После завтрака Артем с Василием собрались за дровами. Неподалеку разбирали на топливо старый двухэтажный дом. Можно было скинуть несколько бревен, распилить и на санках привезти к себе на двор.

Только собрались, как в дверь постучали.

Неизвестный Кате человек в жидком черном пальто, годном разве что на осень, осведомился: «Не здесь ли живет Василий Семенович Ладыгин?» Катя испугалась — что-то случилось! — но ответила, что такой живет здесь, и провела в большую комнату, в которой обычно принимали гостей.

В пришедшем Василий Семенович не сразу признал Михаила Михайловича Гусева из партийной ячейки их типографии. Гусев с последней встречи, казалось, похудел и почернел.

— За тобой, Василий Семенович… — сказал Гусев, невольно вздрагивая от озноба и ежась. — Черт возьми, замерз!.. Как, сможешь?

У Кати отлегло от сердца, она пригласила гостя к столу, однако Гусев только рукой махнул:

— Не до чая! Спасибо… Ну так как?

— Что случилось-то, Михаил Михайлович?

Гусев снял шапку, потер уши, щеки и ответил:

— Ничего не случилось. Есть просьба срочно напечатать брошюру…

— У нас-то?

— Да.

— У нас?!

Василий Семенович смотрел на Гусева, прекрасно понимая, что попусту этот человек не придет («Верст пять пешком! По морозу в такой одеже!»). Но сейчас и трудно, почти невозможно было представить то, о чем говорил Гусев: напечатать брошюру! Василий Семенович неуверенно пожал плечами, взглянул на Катю, на Артема и спросил:

— Что за брошюра?

— Об электрификации России… Ленин просил…
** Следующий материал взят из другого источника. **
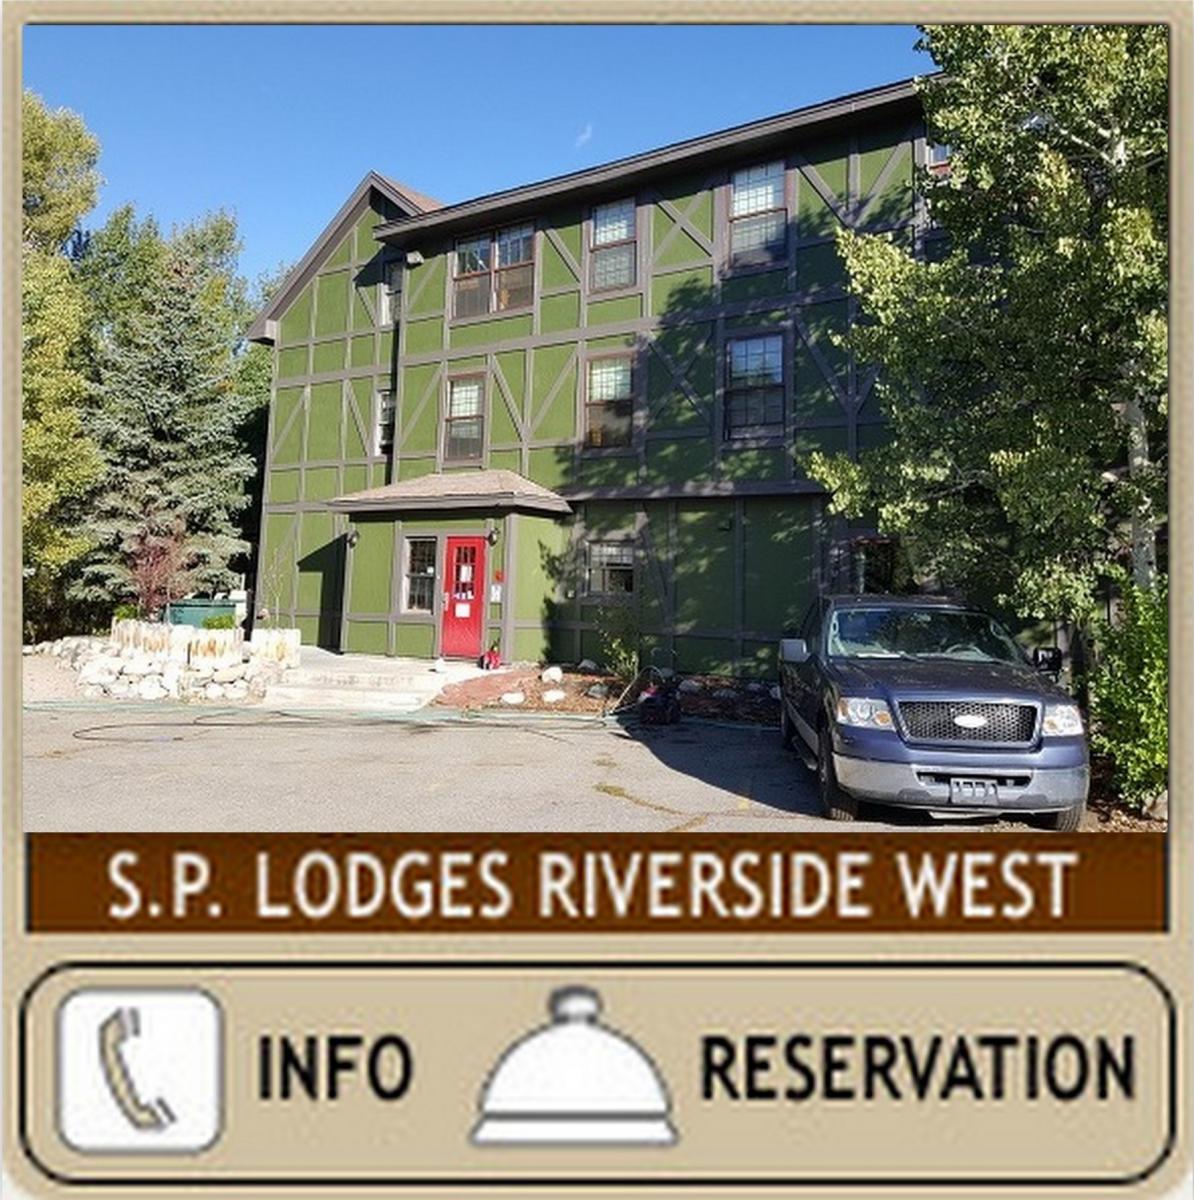 Summit Peaks Lodges Riverside West

— Так, так, — проговорил Василий Семенович. — Что же ты сразу-то не сказал?..

Он помолчал.

— Ну а машины… цеха?..

— Сам знаешь. К машинам пальцы примерзают…

— Идти когда? — спросил Василий Семенович.

— Немедля.

— Понятно. — Василий Семенович пошел одеваться, на ходу бросив Артему: — С дровами потом уж…

— Иди, иди… — ответил Артем. — Я один управлюсь…

Вышел Гусев, вышел Василий Семенович, захлопнулась обитая старой, потрескавшейся клеенкой дверь. Катя и Артем стояли и молчали.

Прослышав, что Кушнеревскую будто бы пустили, к ней потянулись наборщики, печатники — рабочий типографский люд, распущенный по домам. Типография стояла: зимой нельзя было работать без отопления, а топить было нечем.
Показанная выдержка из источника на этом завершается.